Biological staging of HCCs with α-fetoprotein and PIVKA-II as biomarkers might help to identify aggressive lesions, which indicate poor survival after LDLT. Positron emission tomography using the tracer 18F-fluorodeoxyglucose (18F-FDG) is commonly employed to identify aggressive HCC lesions [31,32]. In a study, HCCs which were negative for 18F-FDG and slightly beyond the Asan criteria had a recurrence rate of less than 30% [33]. With modest expansions of patient selection criteria, satisfactory 5-year survival rates have been achieved at Asian transplant centers (table 1).
Table 1.
Criteria | Tumor size (cm) | Tumor number | Biomarkers | Overall survival |
---|---|---|---|---|
University of Hong Kong [30] | ≤6.5 | 1 | Not tested | 3-year 78% |
≤4.5 | ≤3 | 5-year 66% | ||
Chang Gung Hospital [21] | ≤6.5 | 1 | Not tested | 3-year 96% |
≤4.5 | ≤3 | 5-year 90% | ||
Asan Medical Center [16] | ≤5 | ≤6 | Not tested | 3-year 88% |
5-year 82% | ||||
University of Tokyo [15] | ≤5 | ≤5 | Not tested | 3-year 82% |
5-year 75% | ||||
Kyoto University [31] | ≤5 | ≤10 | PIVKA-II ≤400 mAU/ml | 5-year 87% |
Kyushu University [18] | ≤5 | No restriction | PIVKA-II <300 mAu/ml | 3-year 86% |
5-year 83% |
Summary and Conclusion
Careful and well-considered selection of patients is the key to success in LT for HCC. Although tumor size and tumor number are used to predict whether a transplantation would be successful, the weighting carried by these two parameters has not been determined. In addition to size and number, the morphology of HCC is also predictive of its behavior. Well-circumscribed lesions, in general, are less aggressive than those with poorly defined borders [34].

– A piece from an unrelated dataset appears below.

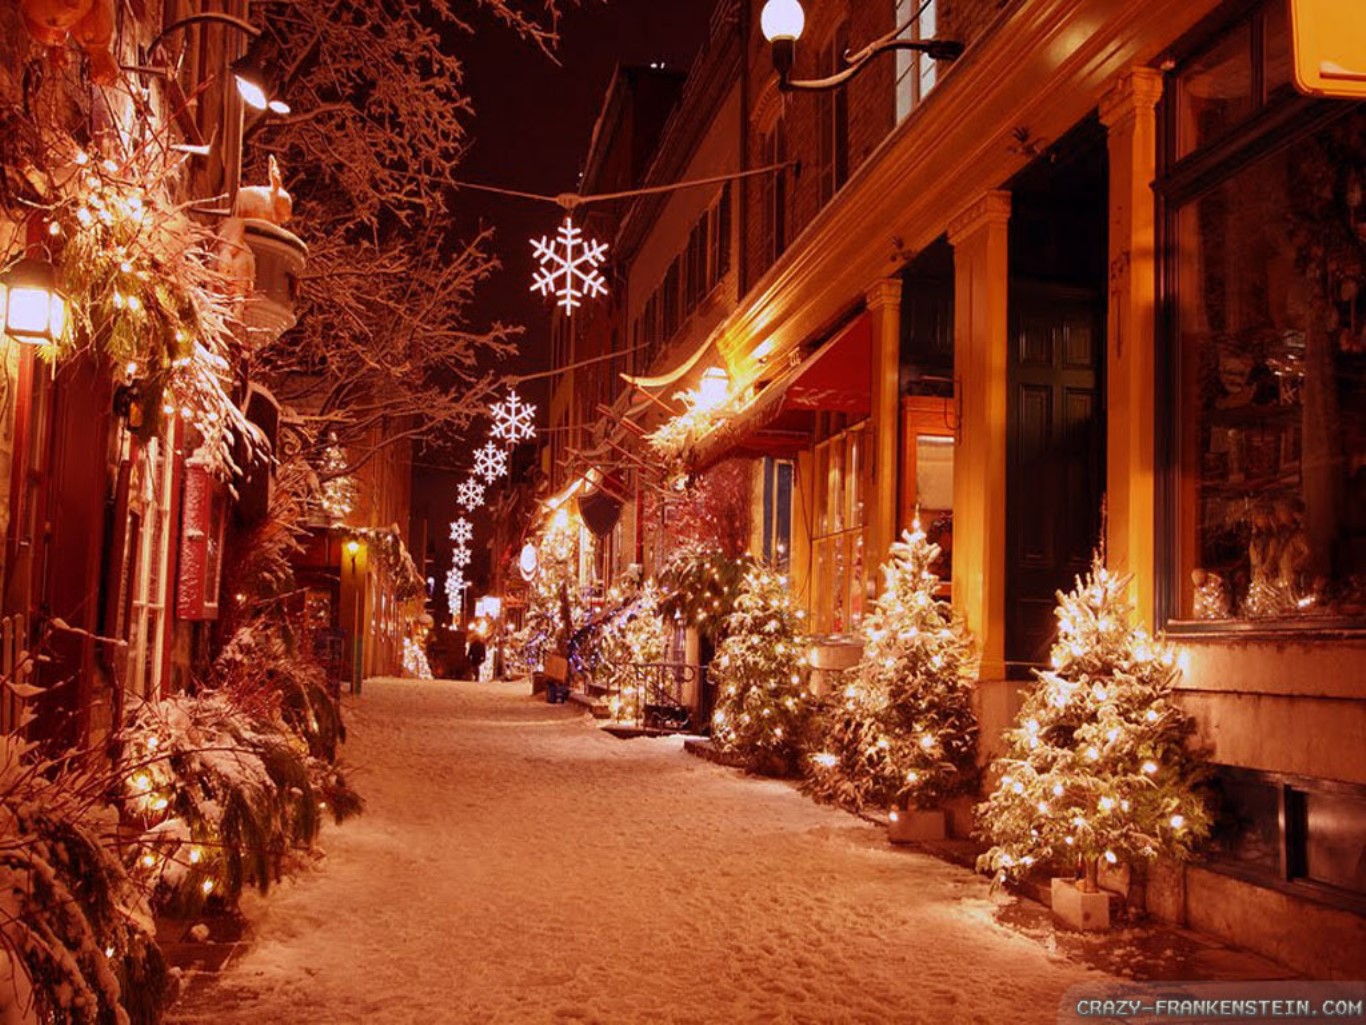 Christmas Street Decoration - Christmas Photo (36200303) - Fanpop

HCC patients on the waiting list for LT compete with liver failure patients. It is essential that the criteria used for selecting HCC patients for LT are easily applicable and fair to other transplant candidates. In Asia, where a large majority of LTs involve LDLT, more flexible criteria can be tested under careful clinical trial settings, and future policies and practice should be guided by the data so generated.